Given information ->
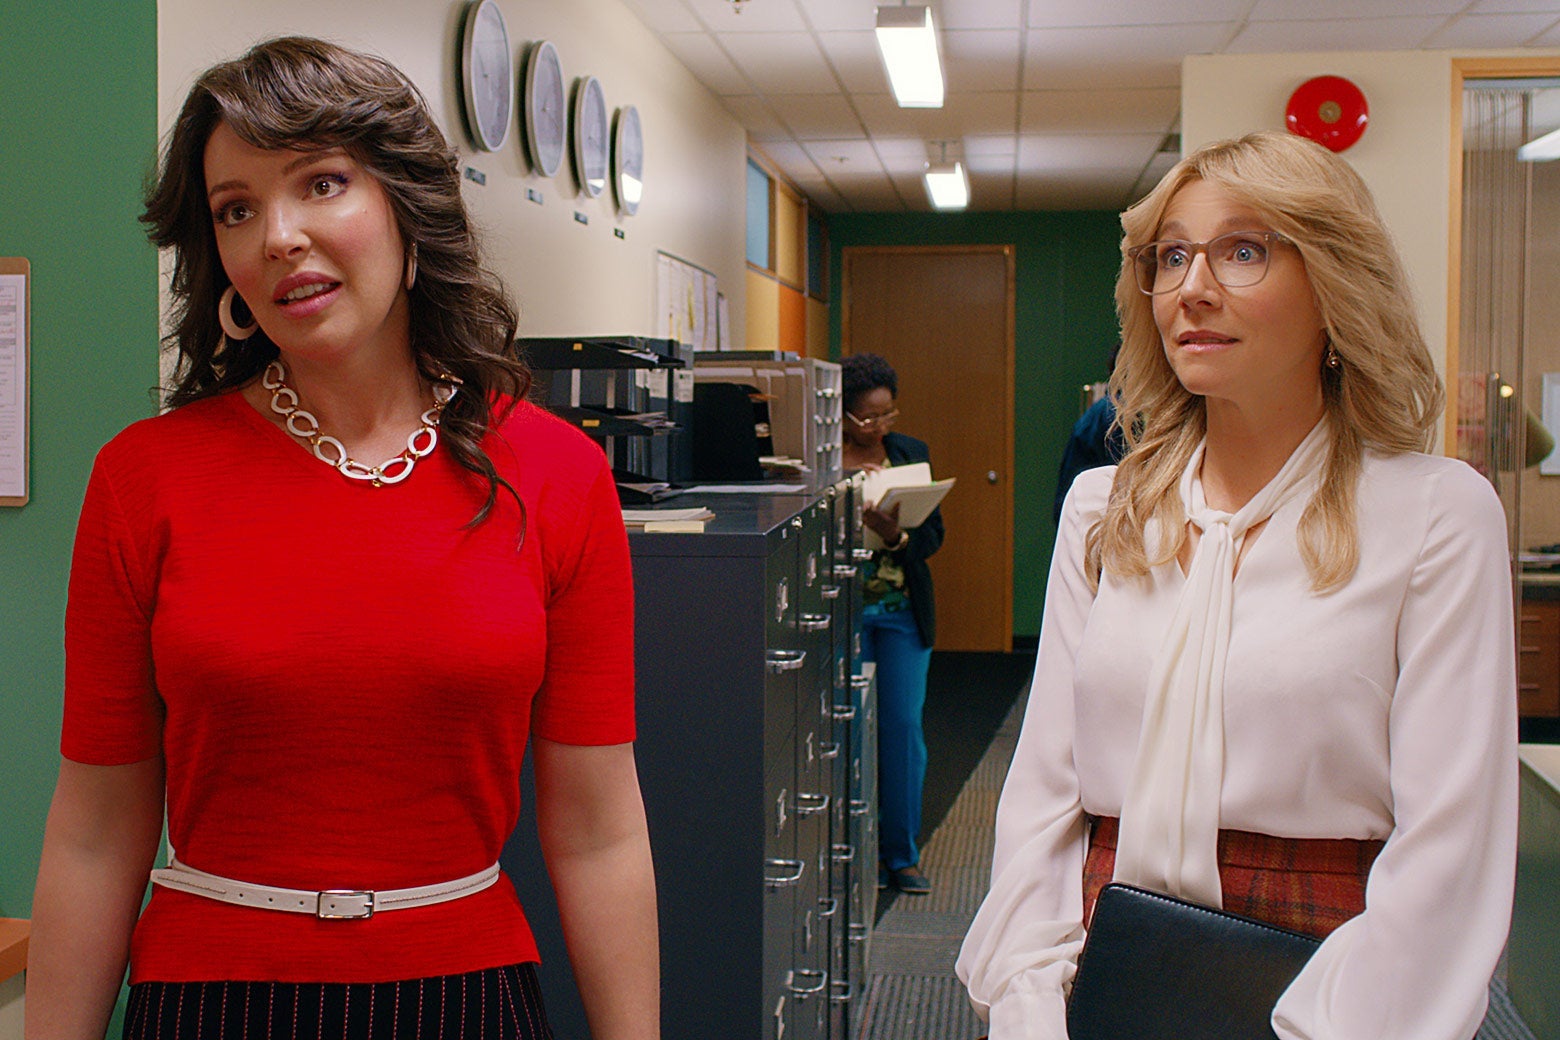 Katherine Heigl and Sarah Chalke in '80s style wardrobe and hair in the show Firefly Lane.
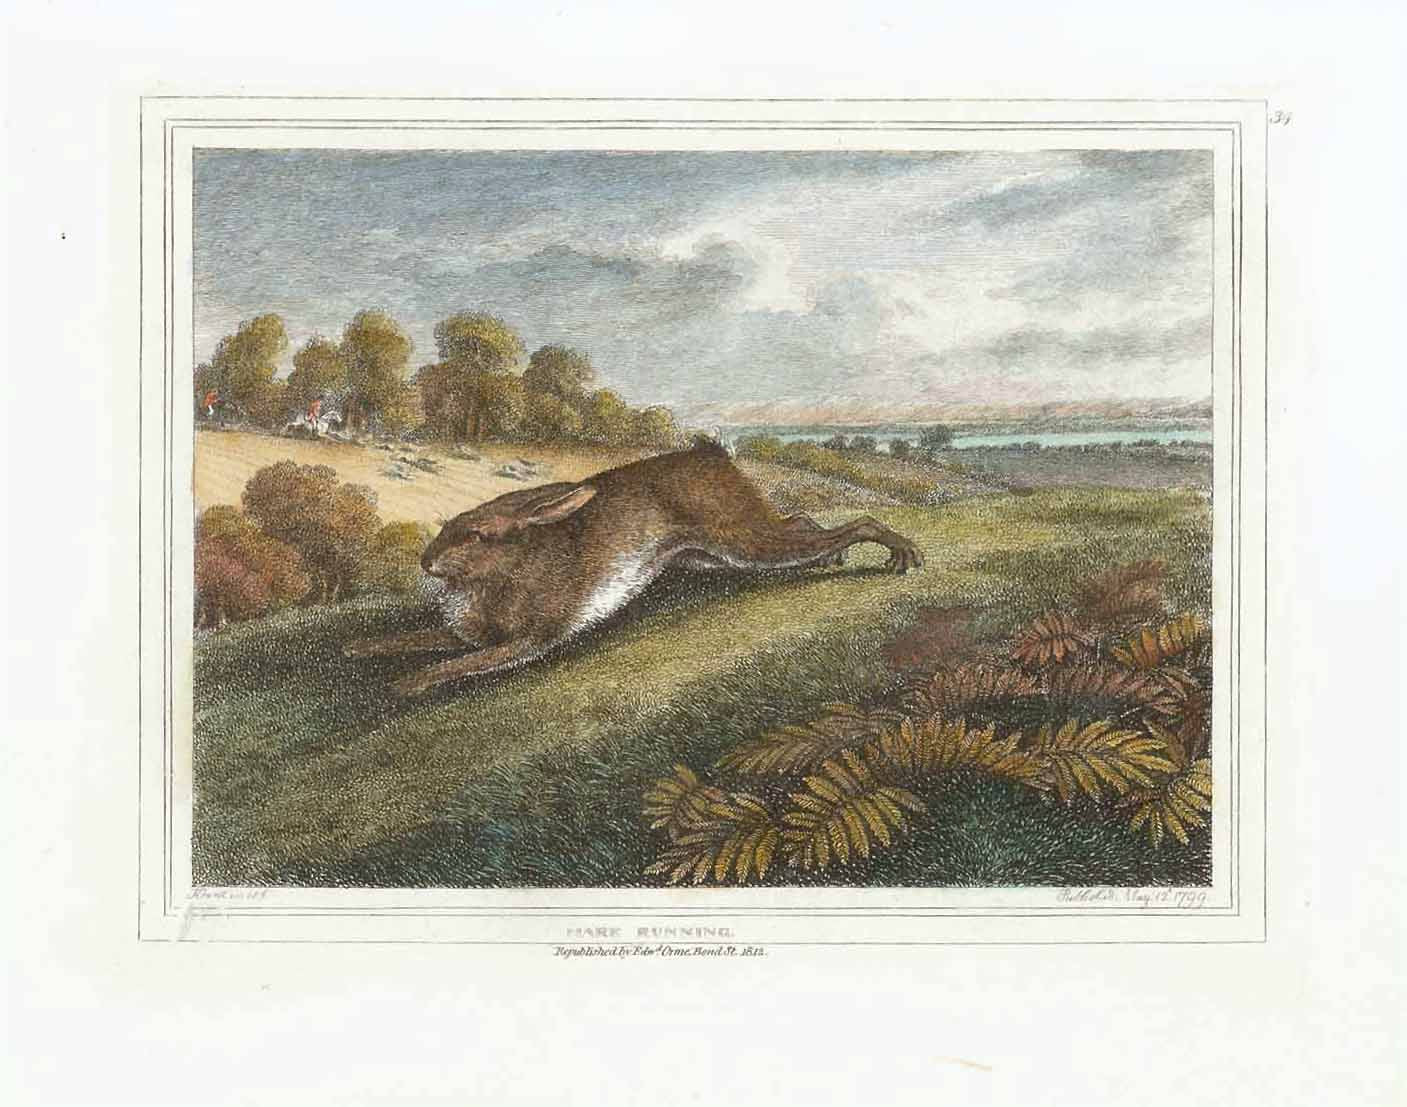 "Hare running"  Hand-colored stipple copper engraving by Samuel Howitt (1756-1822)  A hare running for his or her life  Published in London, dated 1799
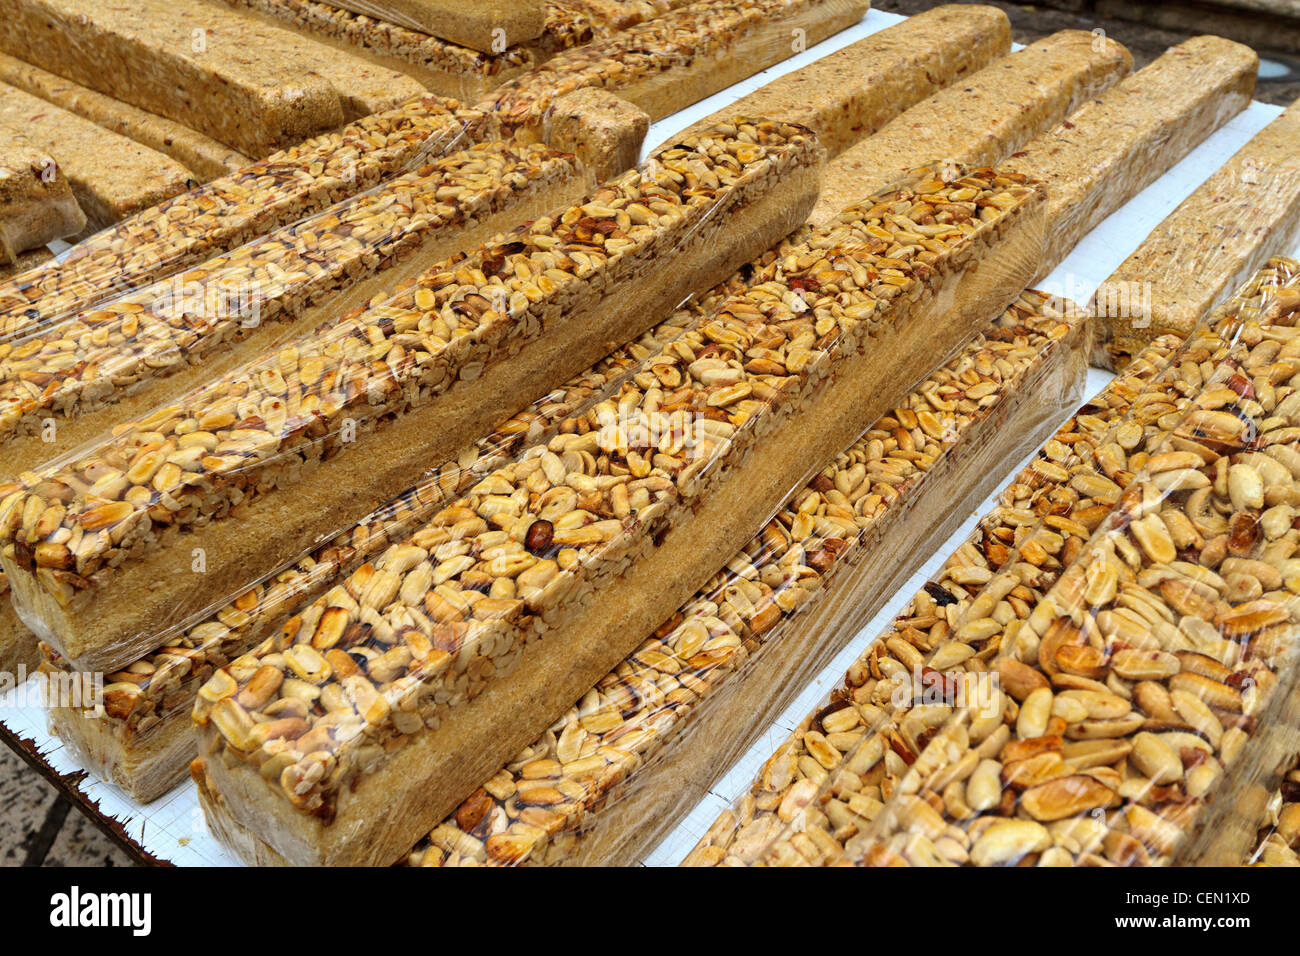 Halvah, a very sweet Middle Eastern dessert made of sesame seed paste, here topped with nuts. Stock Photo
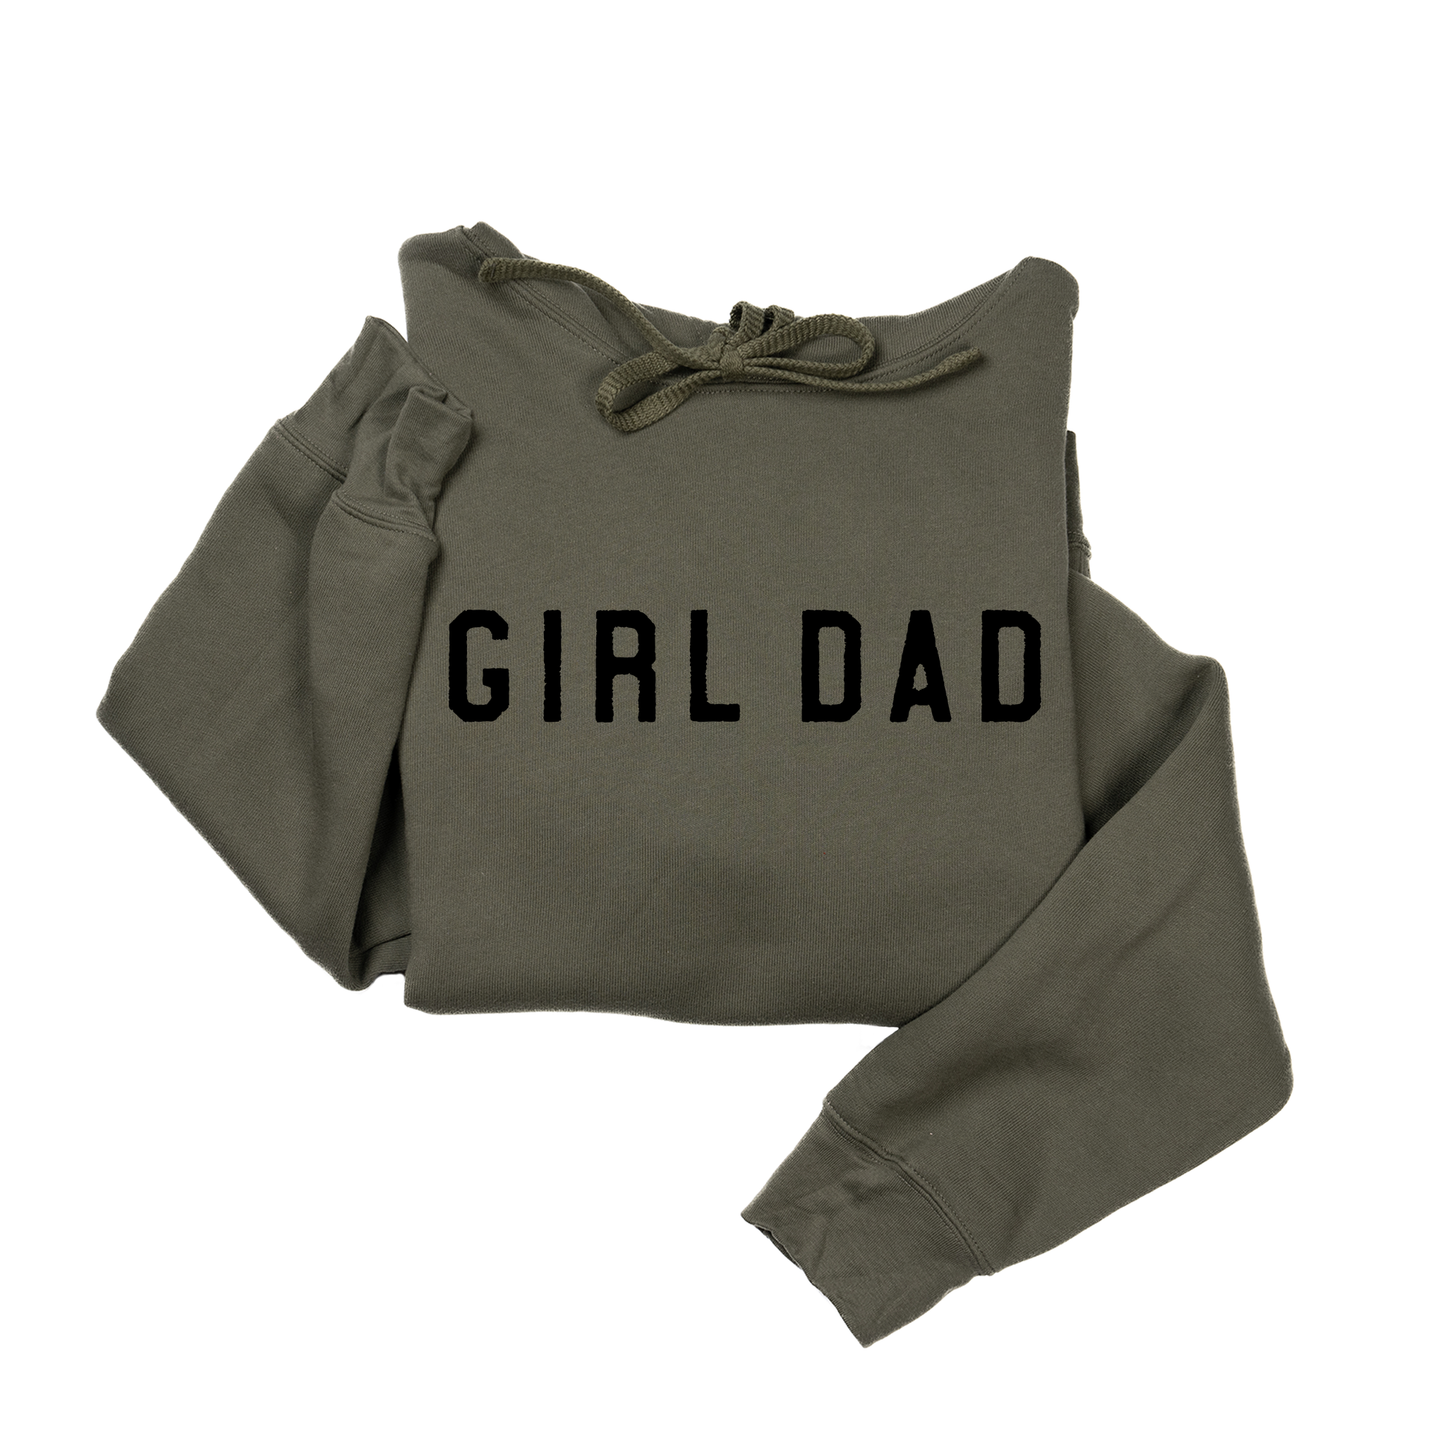 Girl Dad® (Across Front, Black) - Hoodie (Military Green)

Exercise goal -> Return the material exactly as it reads, though without the pictures it holds.

Answer for the task ->
 Katherine Heigl and Sarah Chalke in '80s style wardrobe and hair in the show Firefly Lane.
 "Hare running"  Hand-colored stipple copper engraving by Samuel Howitt (1756-1822)  A hare running for his or her life  Published in London, dated 1799
 Halvah, a very sweet Middle Eastern dessert made of sesame seed paste, here topped with nuts. Stock Photo
 Girl Dad® (Across Front, Black) - Hoodie (Military Green)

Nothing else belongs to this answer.